Thomas Waldegger

**Name of the Vulnerable Software and Affected Versions** Microsoft Internet Explorer versions 6 SP2 and earlier **Description** The issue allows remote attackers to cause a denial of service, resulting in a crash, via certain malformed HTML. This possibly involves applet and base tags without required arguments, triggering a null pointer dereference in mshtml.dll. **Recommendations** For Microsoft Internet Explorer versions 6 SP2 and earlier, at the moment, there is no information about a newer version that contains a fix for this vulnerability.

**Name of the Vulnerable Software and Affected Versions** Amaya versions 8.x before 8.8.5 Amaya version 9.4 **Description** The issue allows remote attackers to execute arbitrary code via buffer overflows. This can be achieved by providing a long value in certain attributes, such as the `COMPACT` attribute of the `COLGROUP` element, the `ROWS` attribute of the `TEXTAREA` element, and the `COLOR` attribute of the `LEGEND` element. Other unspecified attack vectors are also possible. **Recommendations** For Amaya versions 8.x before 8.8.5, update to version 8.8.5 or later. For Amaya version 9.4, at the moment, there is no information about a newer version that contains a fix for this issue. As a temporary workaround, consider restricting the use of the `COLGROUP`, `TEXTAREA`, and `LEGEND` elements until a patch is available. Avoid using long values in the `COMPACT`, `ROWS`, and `COLOR` attributes of these elements to minimize the risk of exploitation.

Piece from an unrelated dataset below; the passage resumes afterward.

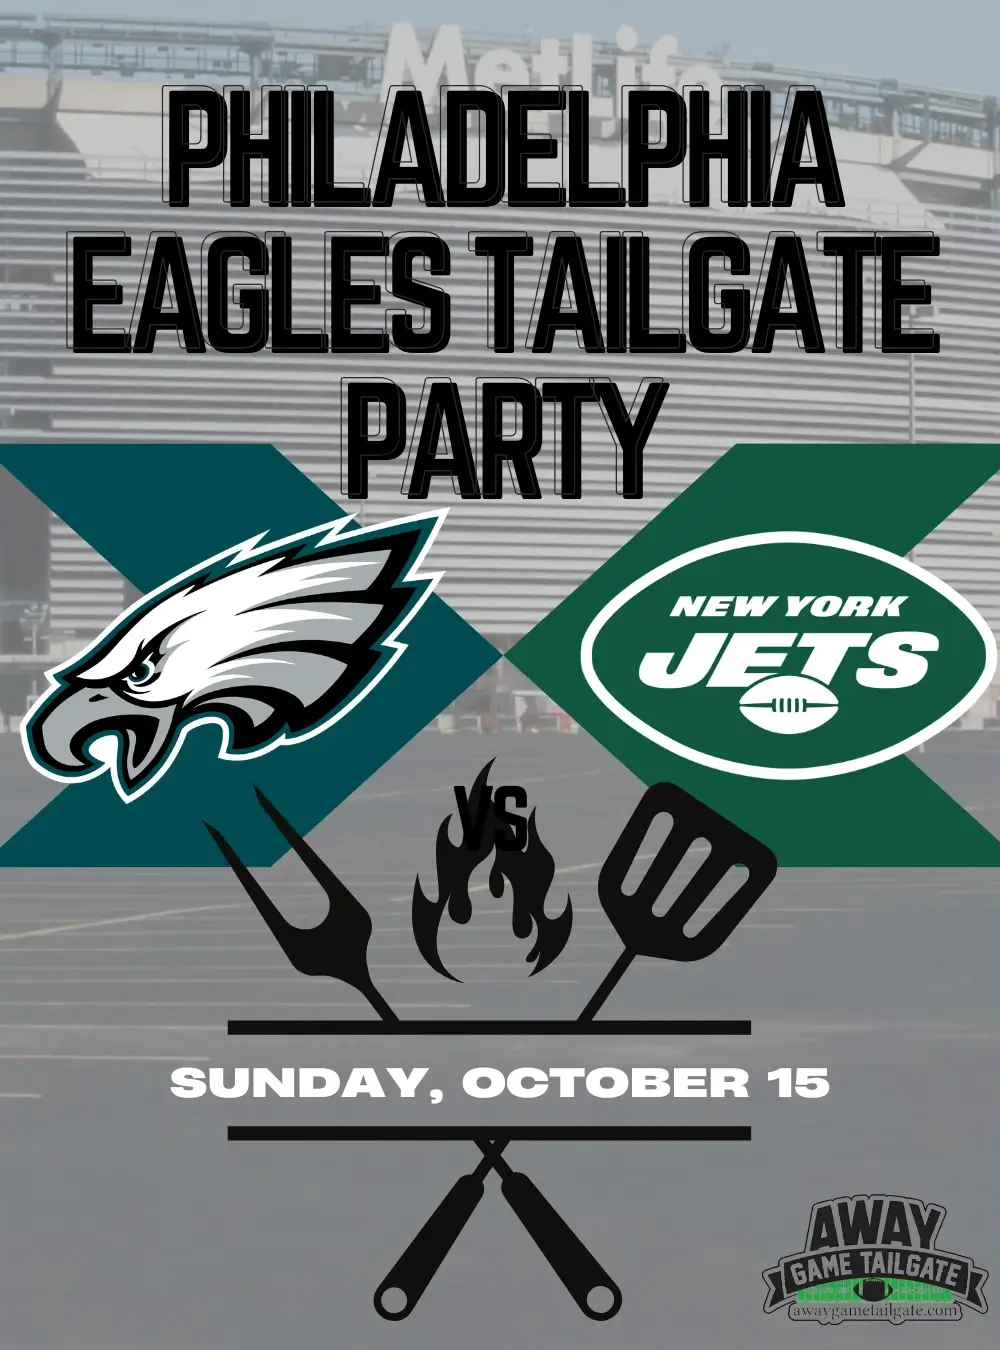 Tailgate With Us - Away Game Tailgate

**Name of the Vulnerable Software and Affected Versions** Microsoft Internet Explorer versions 5.01 through 6 **Description** A remote code execution issue exists in the way Internet Explorer handles HTML elements with specially crafted tags, leading to memory corruption. This could allow an attacker to construct a malicious Web page that potentially enables remote code execution if a user visits the site. A successful exploitation could grant the attacker complete control of the affected system. **Recommendations** For Microsoft Internet Explorer versions 5.01 through 6, at the moment, there is no information about a newer version that contains a fix for this vulnerability.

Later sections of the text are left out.